» What to work on
When you transcribe the listing that follows, keep every line exact and skip any picture.

» Supplied data
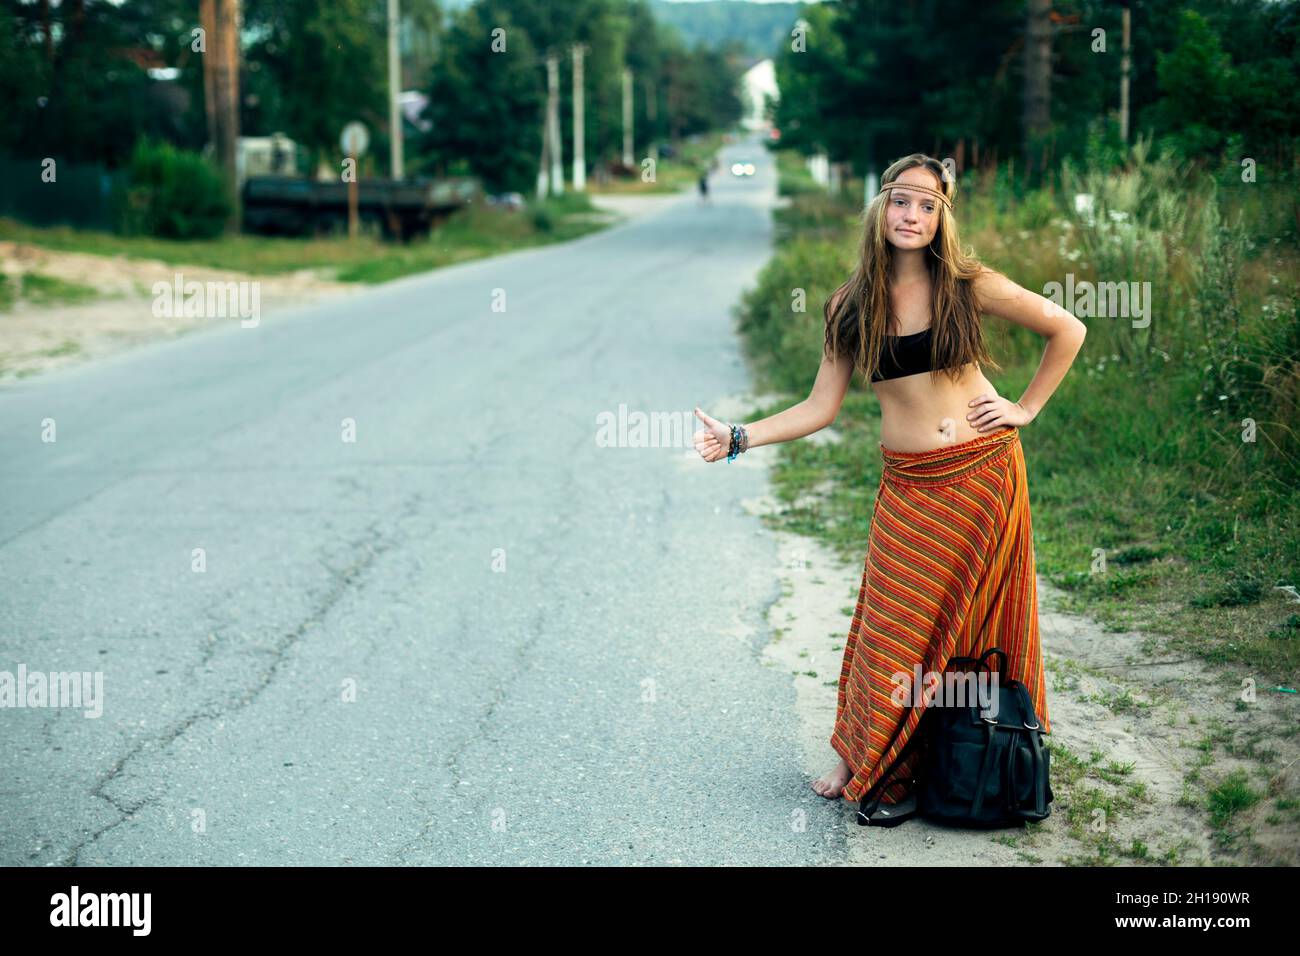 Ein Hippie-Mädchen, das in der Nähe der Landstraße stimmt. Anhalter für Wanderungen. Stockfoto
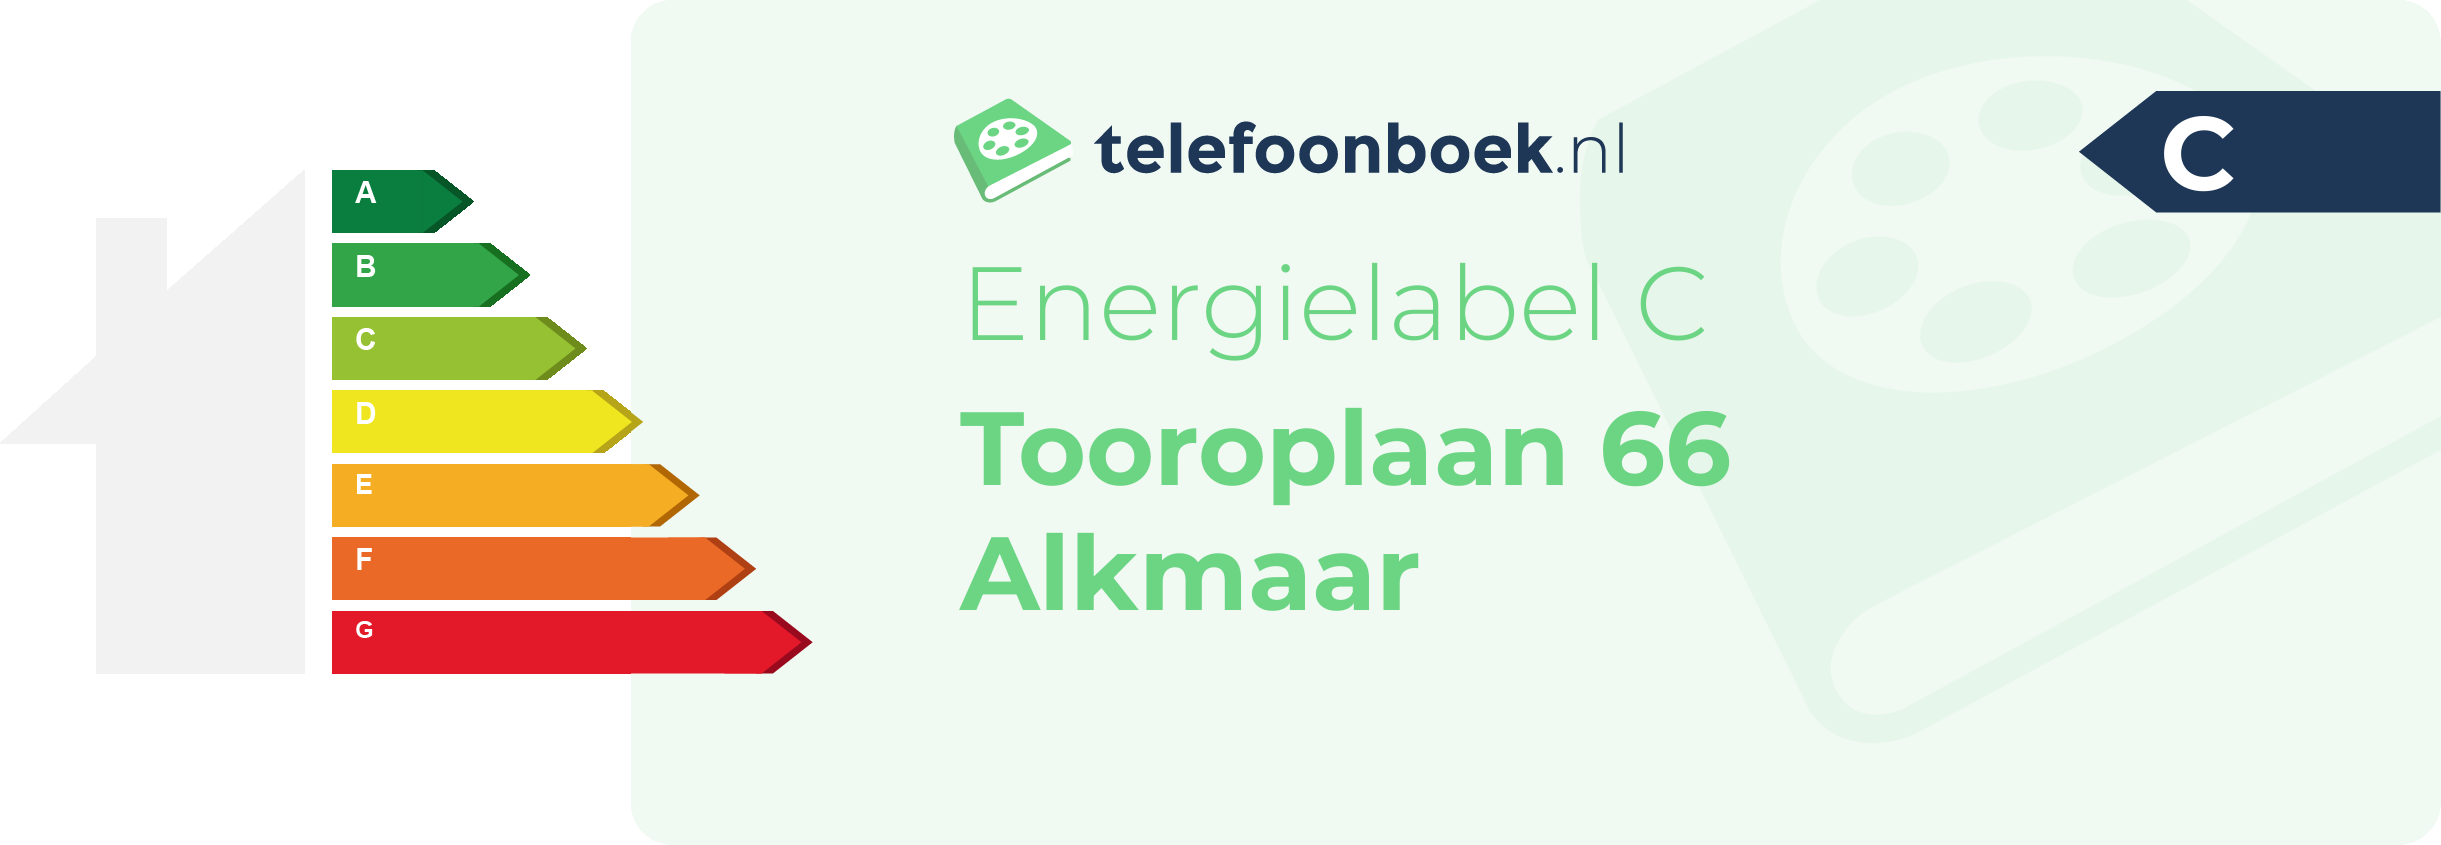 Energielabel Tooroplaan 66 Alkmaar
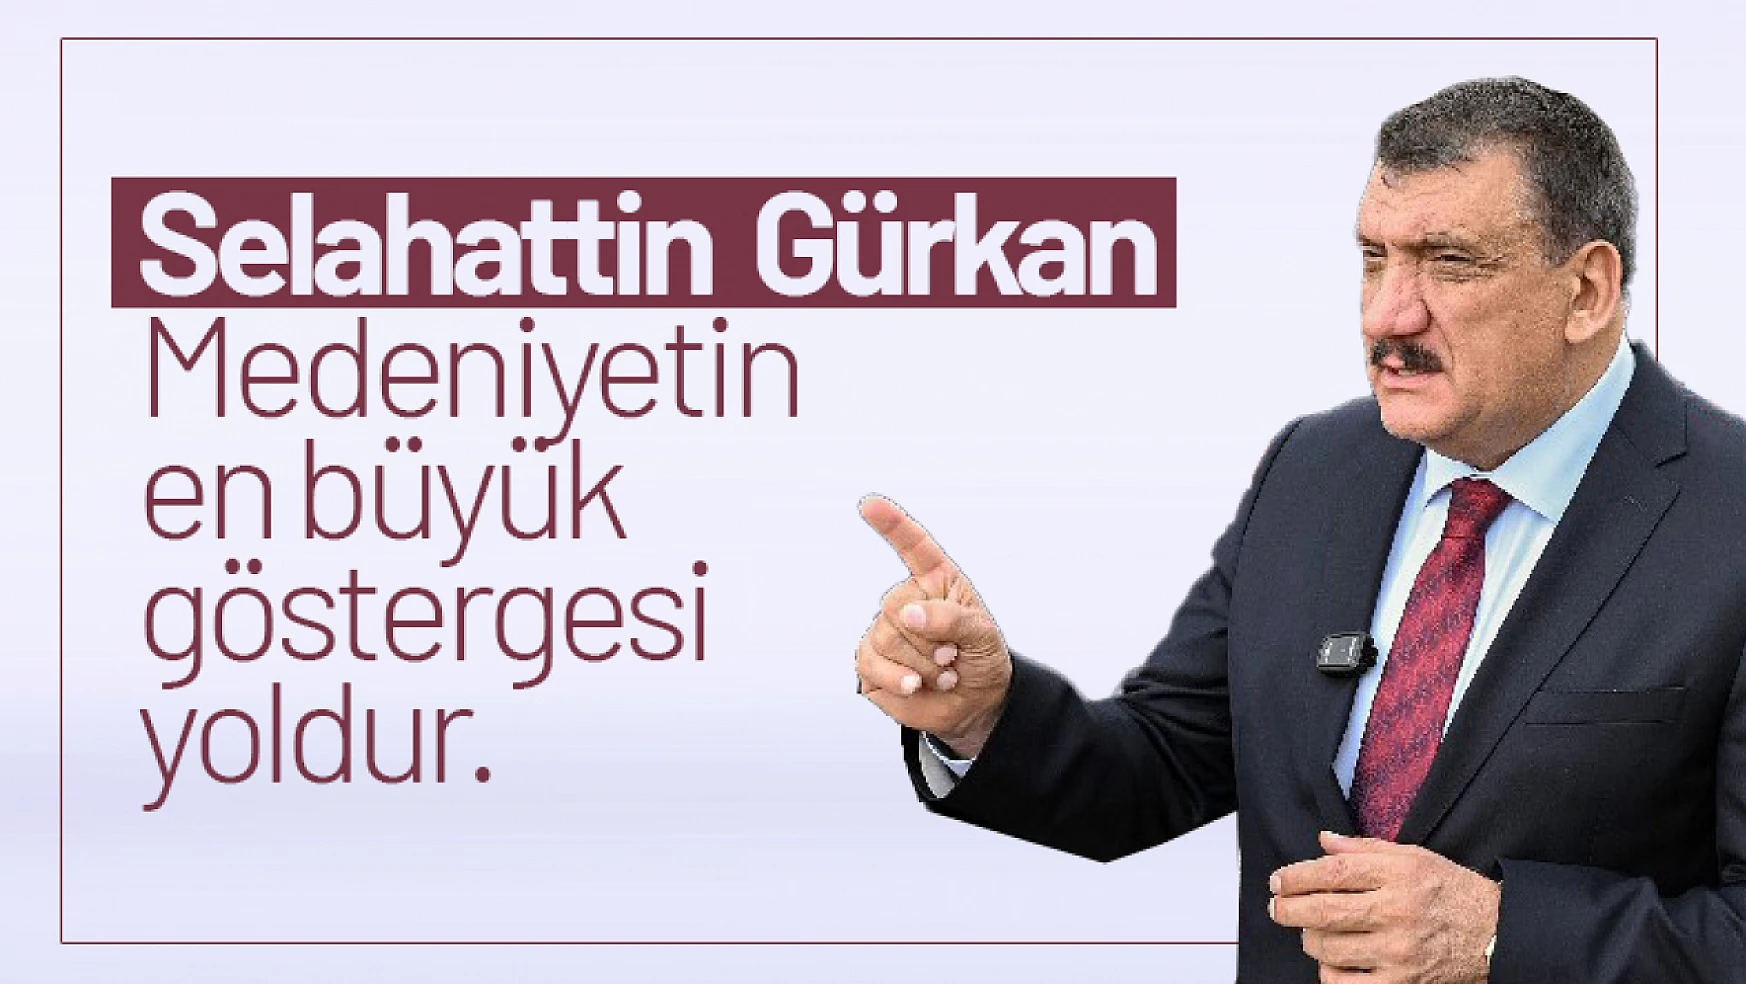 Gürkan: Medeniyetin en büyük göstergesi yoldur.
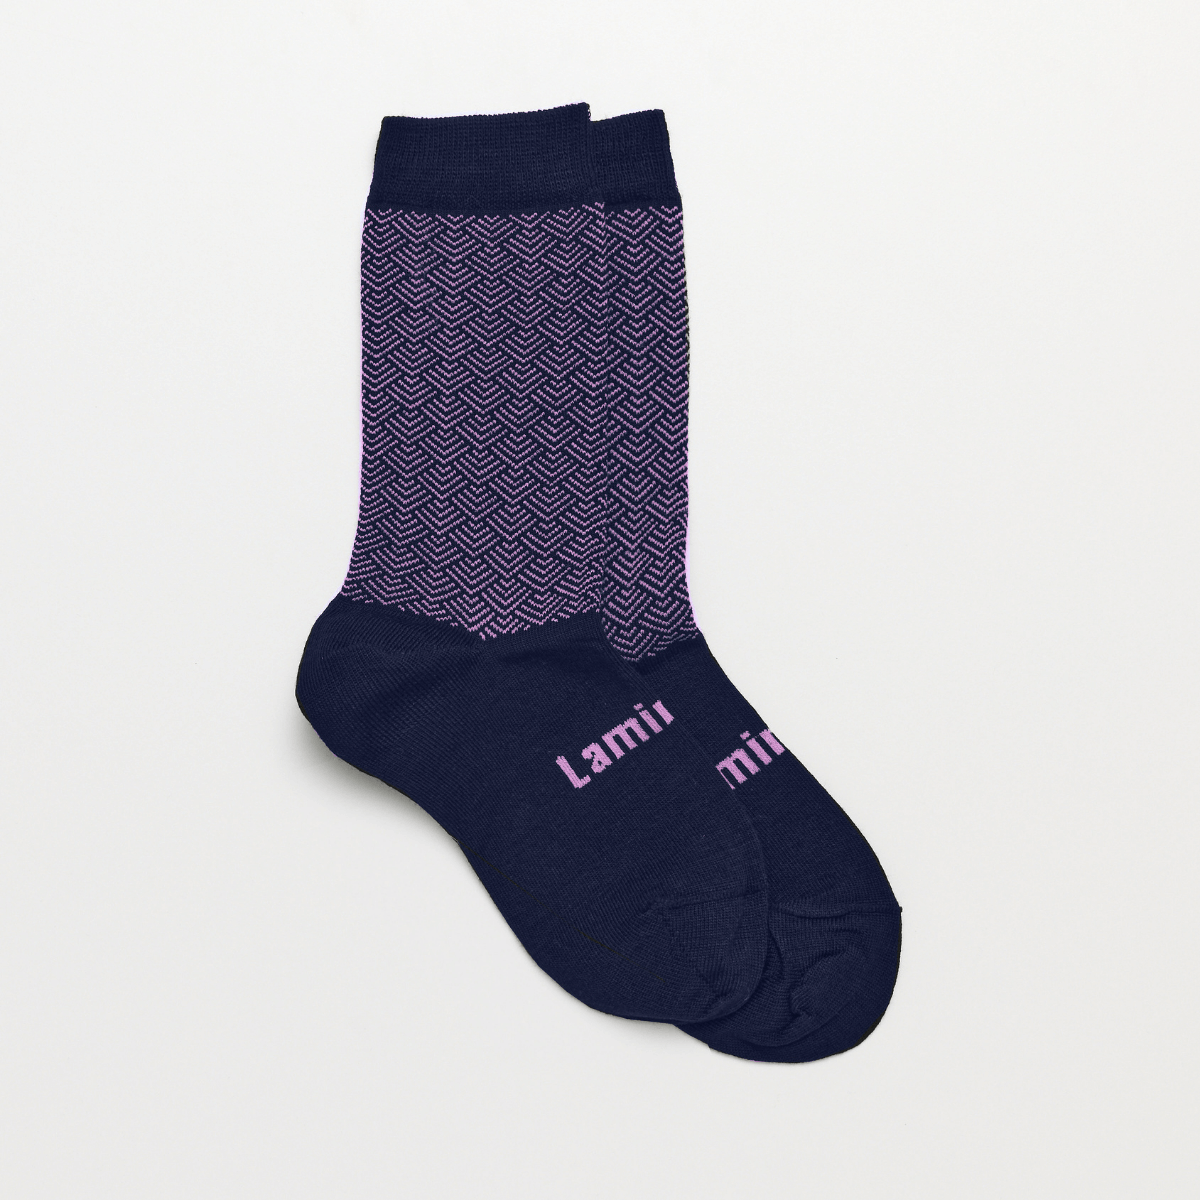 merino wool child socks navy and purple
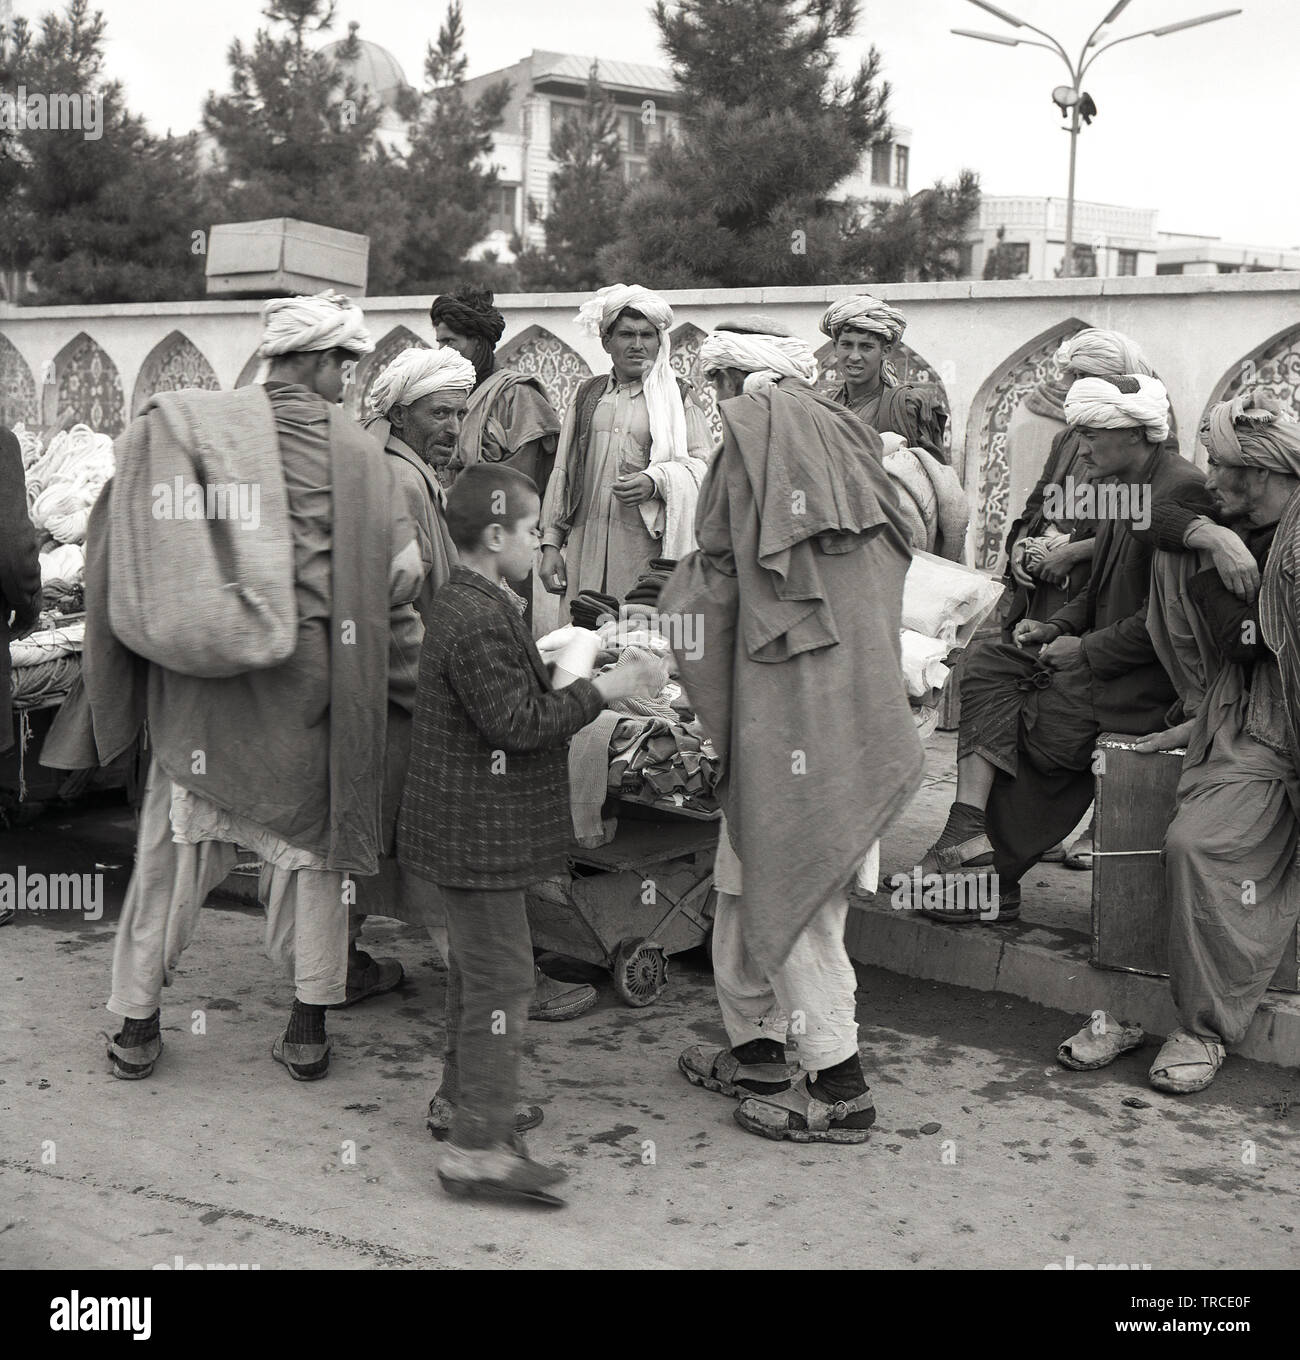 Années 1950, historiques, commerçants afghans portant des robes traditionnelles arabes et de casquettes, un Shemagh keffiyeh ou foulard ou afghan, se rassemblent à l'extérieur dans la rue en Afghanistan, Kabal. Banque D'Images

» Output of the task
 Ein Hippie-Mädchen, das in der Nähe der Landstraße stimmt. Anhalter für Wanderungen. Stockfoto
 Energielabel Tooroplaan 66 Alkmaar
 Gürkan: Medeniyetin en büyük göstergesi yoldur.
 merino wool child socks navy and purple
 Années 1950, historiques, commerçants afghans portant des robes traditionnelles arabes et de casquettes, un Shemagh keffiyeh ou foulard ou afghan, se rassemblent à l'extérieur dans la rue en Afghanistan, Kabal. Banque D'Images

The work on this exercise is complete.